# Rh plating solution



## arthur kierski (Aug 29, 2018)

i forgot the h2so4 quantity in a rh plating bath----i remenber,that it is 2grams of RH in in a solution of 100cc----i think it is 20 cc of h2so4-------Can someone elucidate my doubt?

Thanks in advance
Arthur Kierski


----------



## goldsilverpro (Aug 30, 2018)

arthur kierski said:


> i forgot the h2so4 quantity in a rh plating bath----i remenber,that it is 2grams of RH in in a solution of 100cc----i think it is 20 cc of h2so4-------Can someone elucidate my doubt?
> 
> Thanks in advance
> Arthur Kierski



Hey, Arthur,

Good to have you back. I, for one, missed you.

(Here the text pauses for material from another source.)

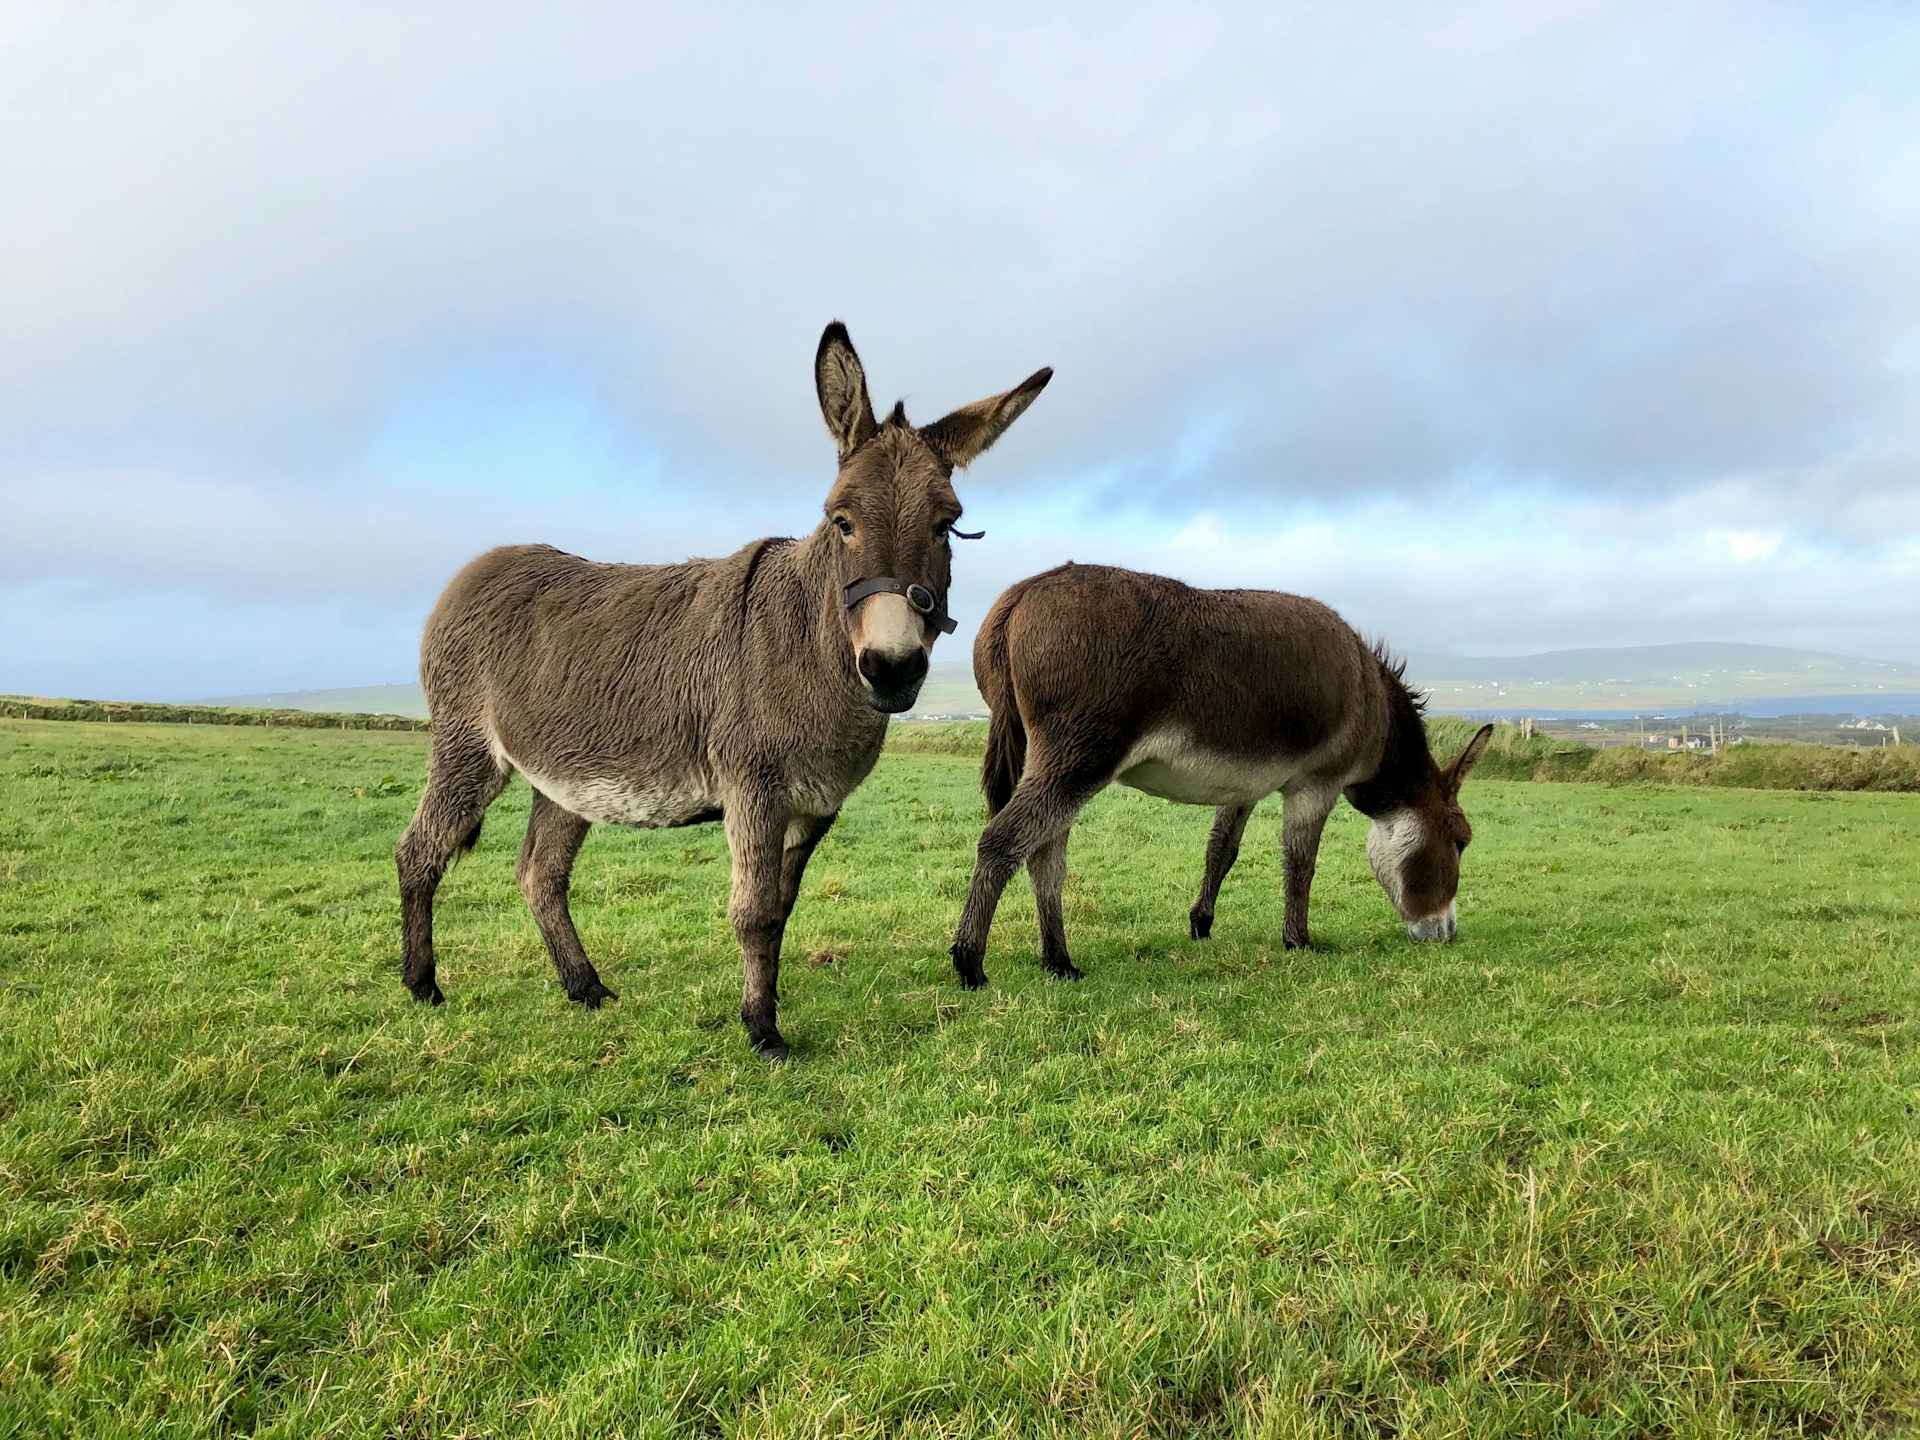 2 miniature donkeys looking at the camera

It's been about 40 years since I've done any rhodium plating, but, I think those numbers you gave are for 1 liter of solution - 2g/l Rh and 20 ml/l conc. H2SO4. Here's a link that has a little info on it. This is the #1 forum on the internet for plating and other types of metal finishing - painting, powder coatings, conversion coatings, metal coloring, etc. And, lately, Ted added a PM refining category. You don't have to register on this forum and anyone can post.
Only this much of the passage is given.